Second, the authors leap from the fact that hospital markups don’t rise in tandem with the percentage of the population that is uninsured to the conclusion that uninsured costs are unimportant to hospitals. As the data in their Exhibit 4 show, hospital markups vary considerably as a result of a variety of factors. The authors acknowledge that this somewhat cyclical trajectory is mostly driven by the waxing and waning of relative bargaining power between health plans and hospitals and by fluctuations in public payer rates.

In the past 20 years, both rates bargained by private insurers and public payer rates have experienced greater and more frequent fluctuations than have uninsured rates, which have crept slowly upward at a relatively constant rate. The fact that anticipated costs of uncompensated care are built into prices negotiated with private health plans (and, implicitly, private premiums) affects the level of prices, not their rate of growth, because the aggregate rate of growth of the national rate of uninsurance has been too small to drive price growth. Estimates of the cost shift have tried to capture the level of prices and the percentage of the “hidden tax.”

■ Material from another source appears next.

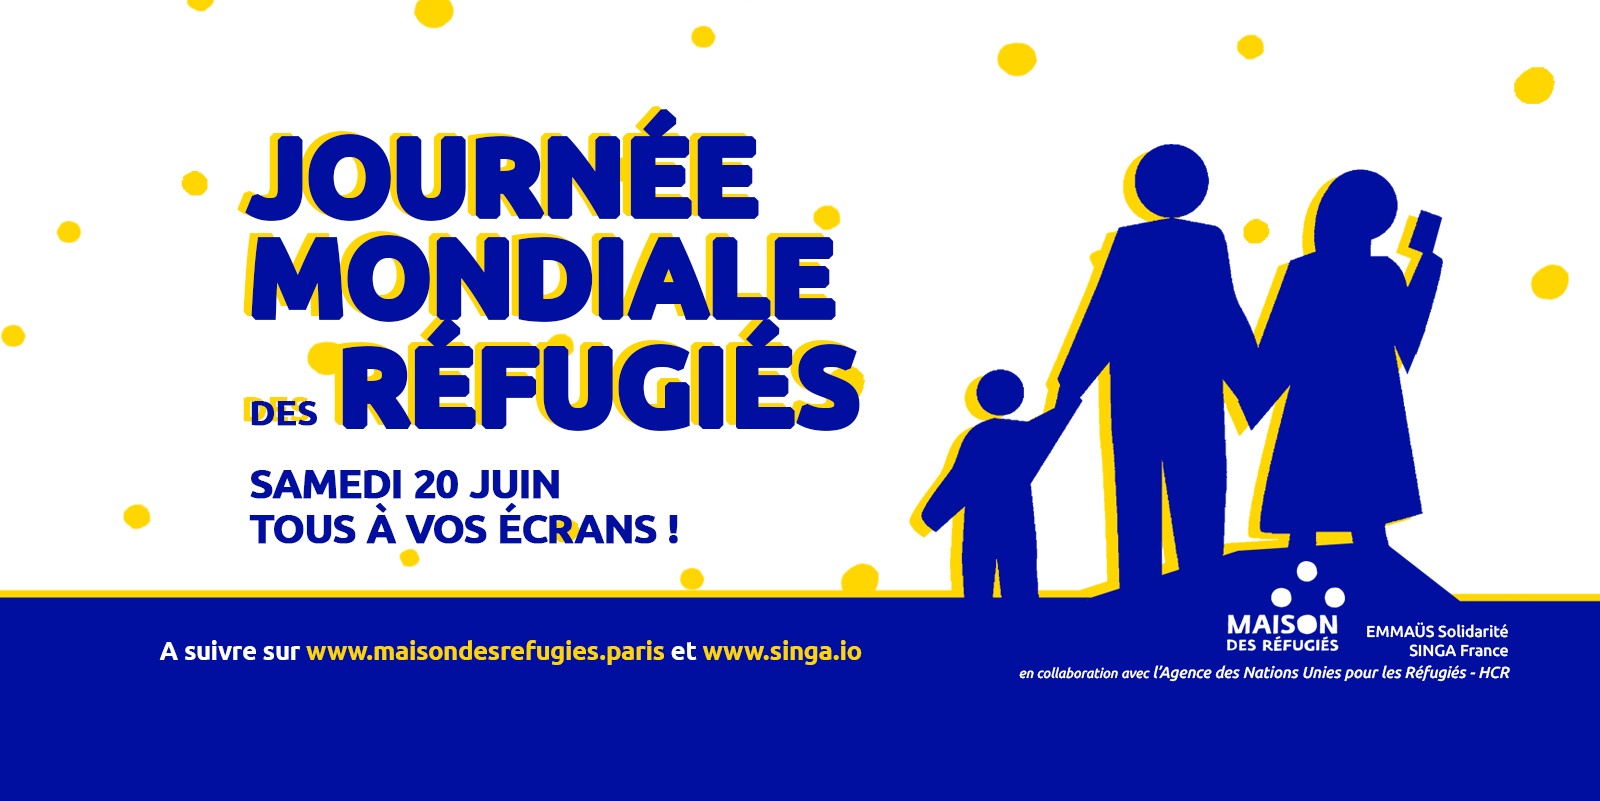 La Journée mondiale des réfugiés est en ligne
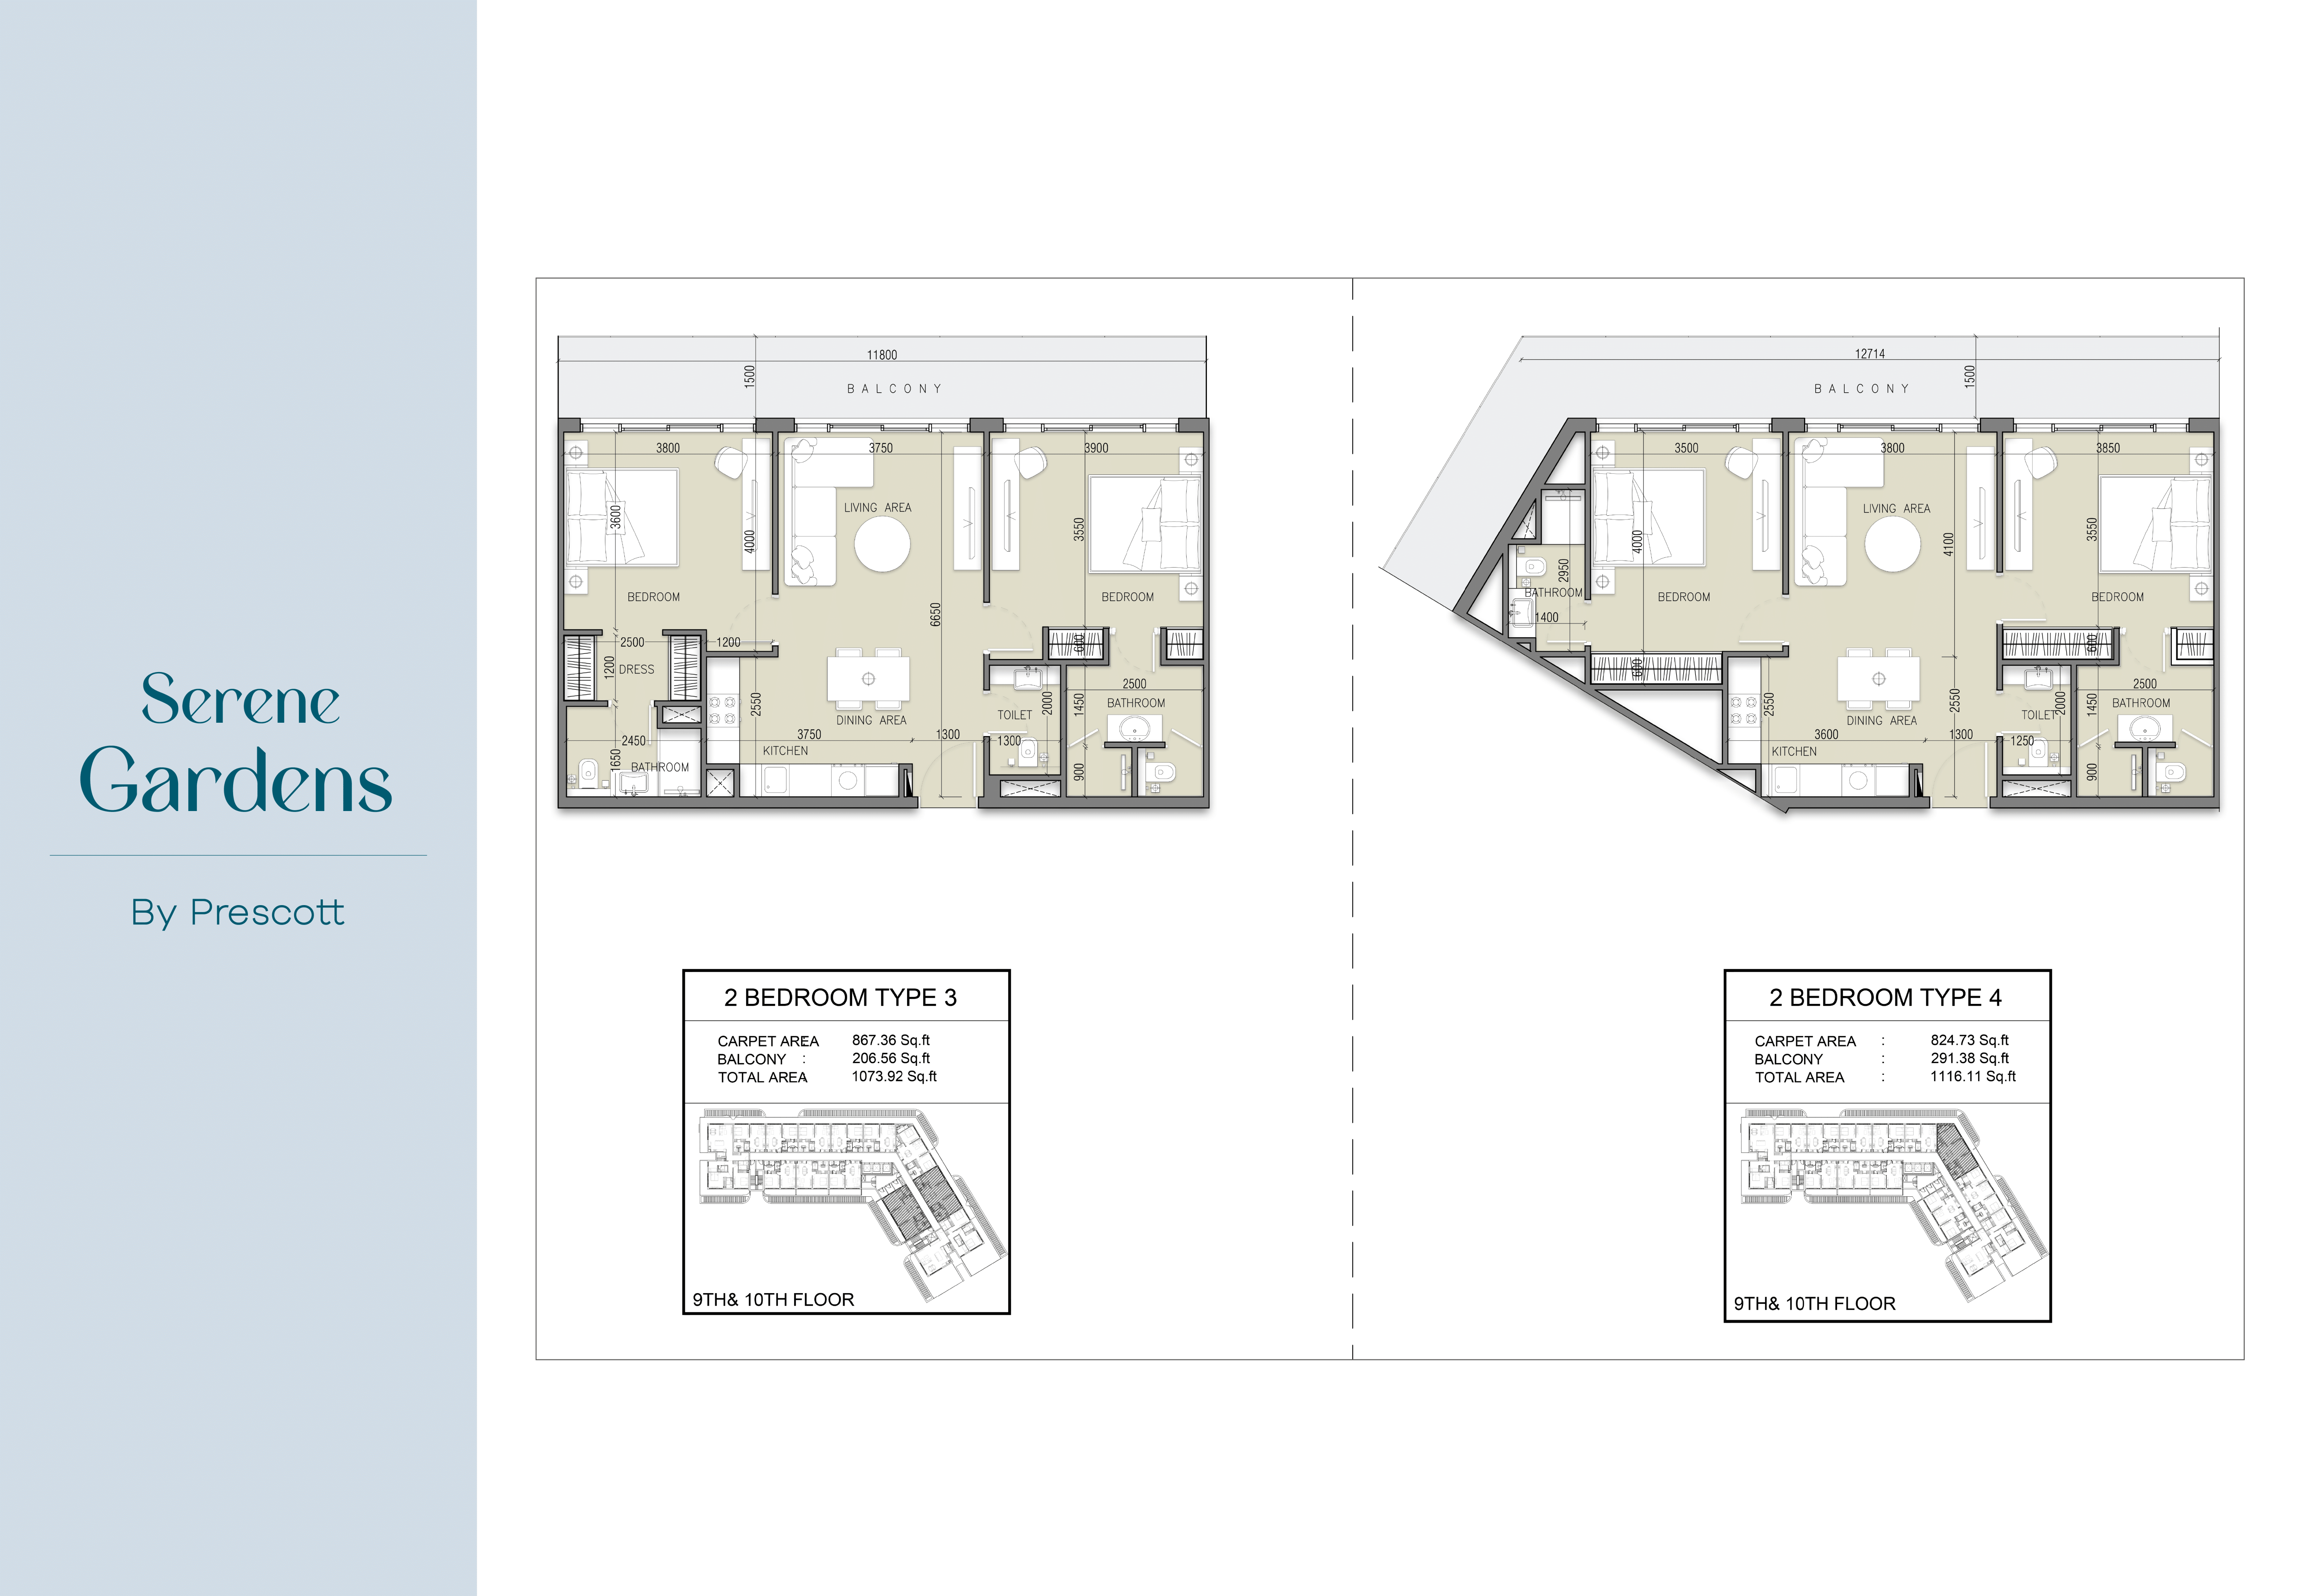 Appartement de luxe avec deux chambres à SERENE GARDENS (Unité 1010, Type 4)

Trend analysis does not refute the very real phenomenon of charging private payers a markup to finance anticipated care for the uninsured, when market conditions permit, which sometimes they do and sometimes they do not. When market conditions do not permit a markup to finance uncompensated care, hospitals scream for public payment relief, which they typically get after a while (as they did after the first wave of BBA payment cuts went into effect in the late 1990s).

However, in a given locale, if the uninsurance rate increases rapidly as a result of deteriorating economic conditions or Medicaid eligibility cutbacks, local hospitals that treat the uninsured have no choice but to raise private rates if they can. Therefore, specific trends in uninsurance rates can matter in the short run. This is hard to prove in the absence of localized data. However, too many people involved in these transactions believe that hospitals raise private rates as a result of spikes in the number of uninsured for me to discount it based on heroically constructed but flawed aggregate data.

To conclude, I think that this paper makes a major contribution to our understanding of how much additional spending will be required to cover the uninsured in the short run. On the other hand, it is not as strong in its decomposition of exactly how current care for the uninsured is implicitly financed. That relatively minor weakness should not detract from the larger irrefutable point: our nation can realistically afford to cover all Americans.